CLUI: Day Two
Get out to the grocery store, the only one in town, and a slow drive through town. It does seem like a differential planet. The Latino population is about 80% — workers in the casinos, and the rest are the owners and operators. An obvious imbalance. A majority of housing is either single- or double-wides, or, on the (impoverished-for-lack-of-casinos) Utah side, shacks surrounded by the flotsam of personal disorder — a metric of the desirability of energy expenditure on arrangement. Some of the lots approach the structure of middens in this. Middens are primarily defensive in function, shielding the inhabitant from predatory intrusion. Matt showed me one example here on the airbase, of an old man whose place was beyond being a junkyard, it was an accretionary gravitational field for (all) matter. But since his recent death, an increasing level of disorder was applied. Clearly, there is the possibility to distinguish between an active and an abandoned midden.

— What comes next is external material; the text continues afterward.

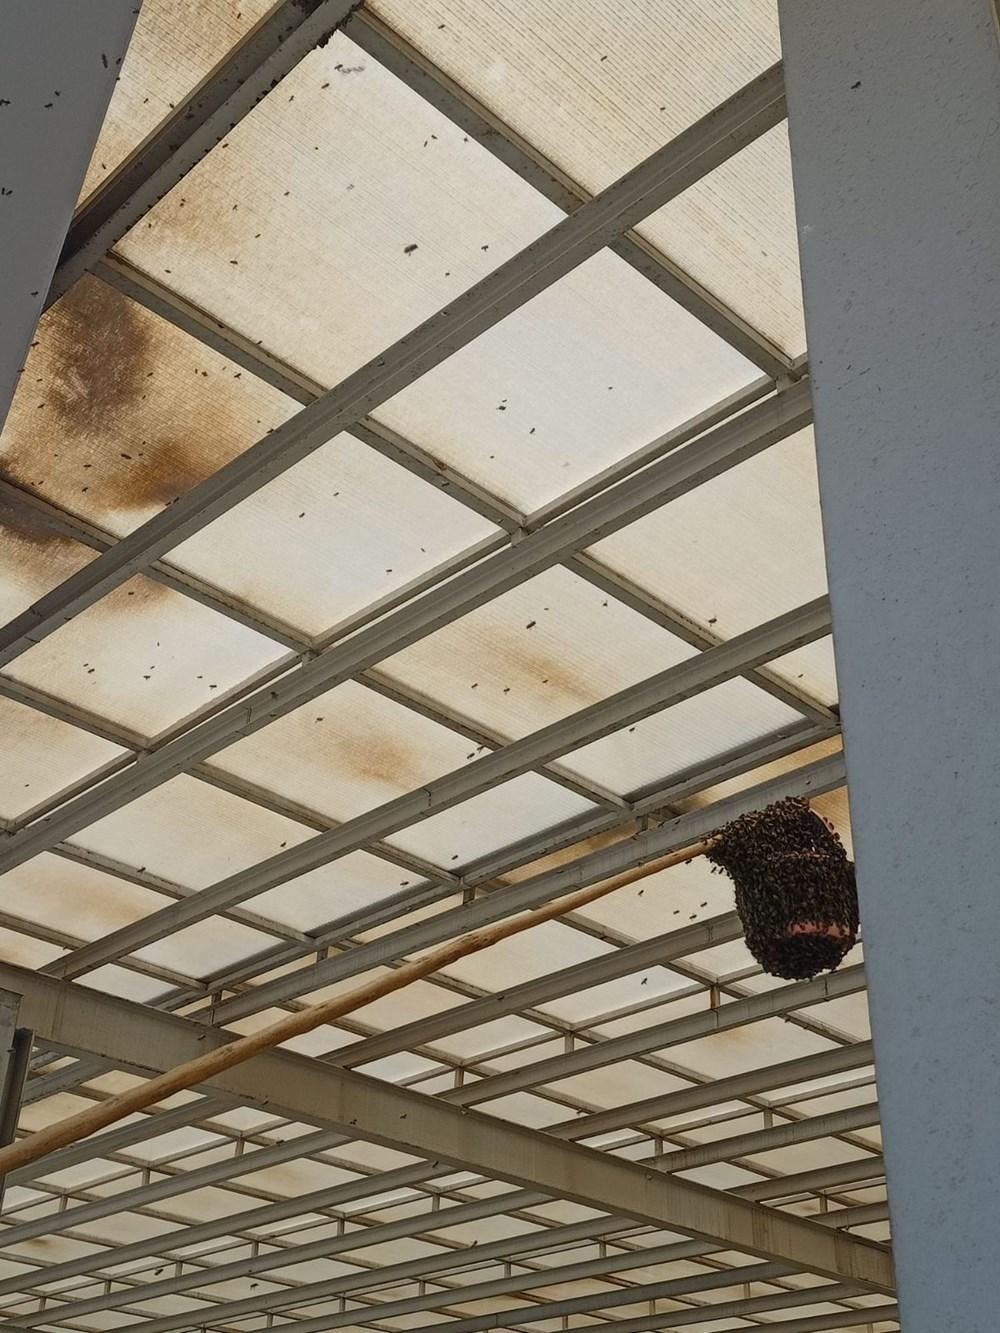 Hastanede panik: Acil servisi arılar bastı - 4

Otherwise, listening to the space, and, through the now sparkling south windows, watching the heavy weather rip through. Snow, sleet, hail, wind.
Cleaning, cleaning, cleaning. Watch the (Hollywood) movie Above and Beyond about Paul Tibbets, the pilot of the B-29, Enola Gay, that dropped the atomic bomb on Hiroshima. “Gripping mellerdramer!” as my father would say, wandering through the teevee room on his way to his workshop or darkroom or outside to work on the car or the yard.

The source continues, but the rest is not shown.